The participants were divided into several groups and given two tasks. The first task was to define remediation. They were also asked to differentiate between remediation and normal classes as well as come up with a pedagogical method in teaching remedial classes. In addition, participants were told to list ways of identifying children in need of remediation. Lastly, they were told to come up with a method of grouping children in remedial classes, and to prepare a lesson plan for a remedial class. 

It was clear from the presentations that most of the teachers had an understanding of remedial classes. However, Mr. Jobe advised the participants to make a distinction between remedial classes and the “study classes” they hold in their schools. He said every teacher should help underperforming children in their classes. However, the remedial classes were for children who have not made it through in the NAT exams.

He also advised the participants to avoid using vague words or sentences. These among others include the word “needy” which may be correct grammatically, but could be interpreted differently. He added that there are academically needy children, “but if I come to your school and ask you to give me a list of needy students, the first thing that comes to your mind is students who are financially underprivileged.”

He also advised the participants to distinguish between slow learners and fast learners, noting that being slow does not meant that one will fail at the end of the day. Being a fast learner does not also meant that one will pass at the end of the day.

He observed that there are children who are slow but sure, observing that at the end of the day, such students will pass their exams. He also noted that some students are fast, but they end up failing.

He further explained that average performance may also differ from one part of the country to the other. He added that an average child in Serrekunda Lower Basic School may not be an average child in Basse. And a below average student in Soma may not be below average in Banjul. He said that the best term to use in this regard is underperforming children because it denotes a universal meaning.

He also told the participants that it may not be correct to assert that remedial classes need more preparation than the normal classes. He revealed that the only difference between the two is that remedial classes need more preparation and resources, adding that the remedial class is a repetition of a class that was taught but not understood.

He noted that it is for this reason that a remedial teacher needs more resources and a new method, saying further that there is equal need to prepare well for your normal classes. He called on teachers to be innovative, adding that one could prepare a lesson plan for a class and change it if students do not understand what is being taught.

Most of the participants agreed that the best teaching method in remedial classes is the child centered method. To this Mr. Jobe agreed but noted that it could be any teaching method as far as it enhances the understanding of the children. “It could be experimentation, child centered, practical lesson/demonstrations, experimentation, teacher centered or any other teaching method. What is important is the understanding of the children,” he said.
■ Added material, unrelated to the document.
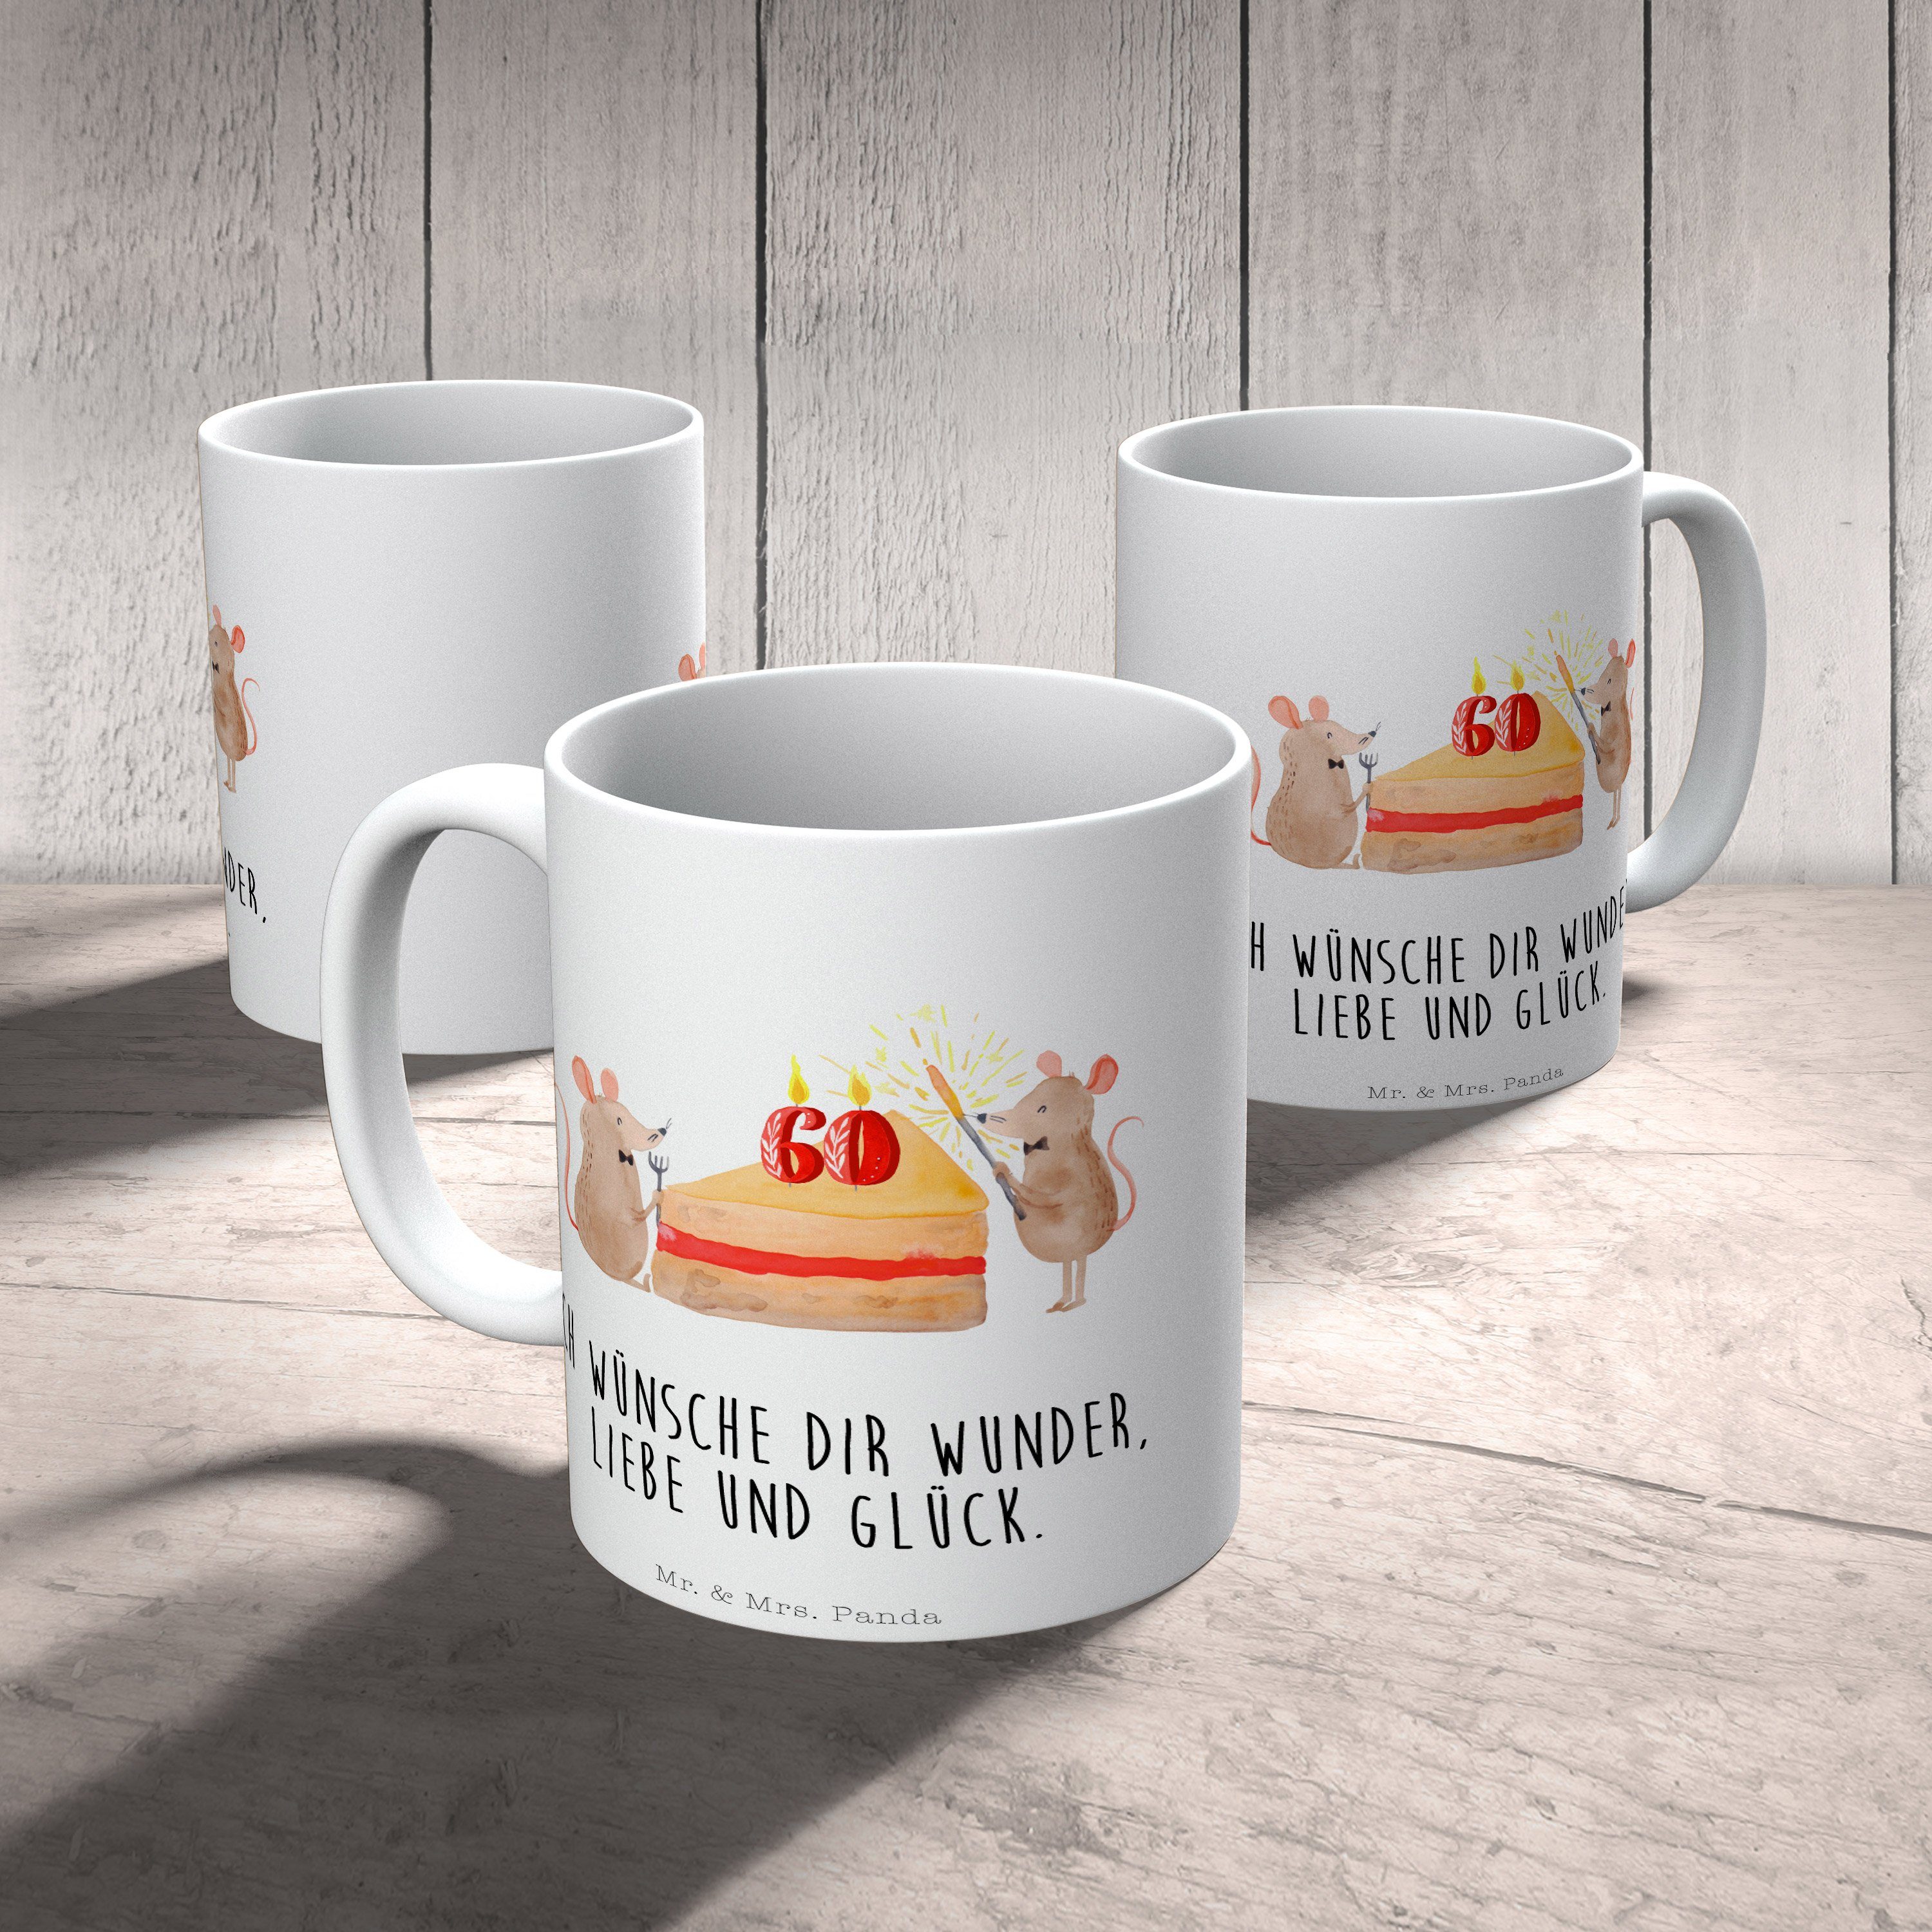 Mr. & Mrs. Panda Mäuse - Geburtstag - Kuchen Geschenk Tasse, Keramik 60. Geburt, Geschenk, Weiß Tasse

He also advised that children in need of remediation be grouped according to their abilities. “If my problem is diarrhoea and someone else has malaria and you give us both malaria drugs then you will kill the person who has diarrhoea,” he noted.


Important issues were raised during the question and answer session. The most important among them were the social and environmental factors affecting the learning of students. Mr. Jobe in this regard said it is the duty of the teacher to be a parent, a brother, a sister and a referee in the class. “It is your duty as a teacher to know the problems affecting your students,” he said.

The session also dwelt on the difficulty of getting the NAT results on time. Some of the Head Teachers bemoaned the fact that their results are normally given to them so late in the academic year that they had already promoted their children. “I know the NAT exams are far from perfect. However, last year, MoBSE hired a consultant for the West African Examinations Council (WAEC), to help them improve on the test items,” he said.